In November 2010, Henrik Haugberg Madsen disappeared. The 40-year-old businessman and convicted swindler vanished without trace from a rented holiday cottage on Enø island near Karrebæksminde in southern Zealand, Denmark. No goodbye. No body. No obvious answers.
Two years later, in 2012, two men stood convicted of his murder: Bo Madsen, Henrik's business partner and cohabitant, and Claus Stokholm Larsen, allegedly hired to carry out the killing. Bo received 13 years in prison; Claus received 15. The Danish legal system had rendered its verdict.
But here's the problem: there was no body, no crime scene, and no eyewitnesses to the alleged crime.
When journalist Jacob Kragelund set out to examine this case for TV 2's 2018 documentary series "Drabet uden lig" (Murder Without a Body), he uncovered what Danish legal experts describe as unique in the nation's judicial history—a murder conviction resting almost entirely on circumstantial evidence. The six-episode series, totaling 240 minutes, systematically dissects how two men ended up imprisoned for a crime with virtually no physical proof.
The prosecution's theory was straightforward: Bo Madsen orchestrated the murder of his business partner, hiring Claus Stokholm Larsen to execute the plan.
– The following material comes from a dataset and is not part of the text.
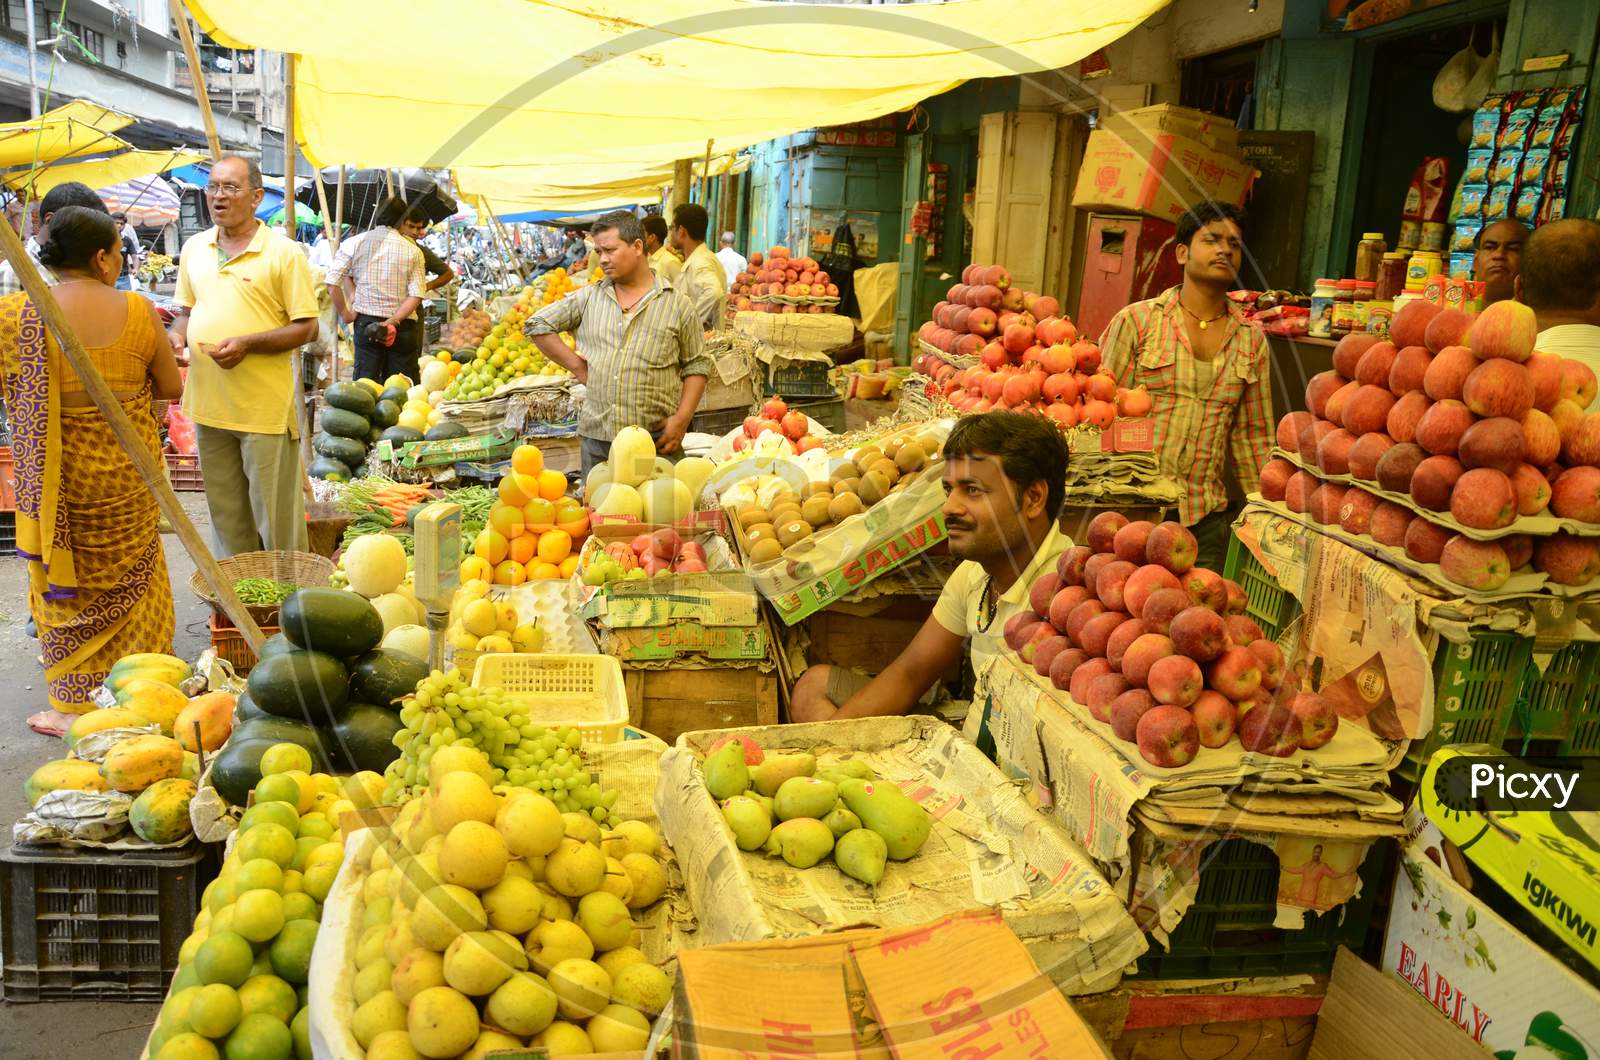 People in Guwahati Fruit Market, Assam

Yet without a corpse, without forensic analysis of a crime scene, and without anyone claiming to have witnessed the killing, the case against them relied on indirect evidence—the kind that points toward guilt but doesn't conclusively prove it.
One piece of evidence prosecutors highlighted was a claim from Claus Stokholm Larsen's cellmate, who alleged that Claus had sold him the murder weapon and confessed details of the crime. But even this account came secondhand, filtered through prison walls and the fallible memory of an inmate.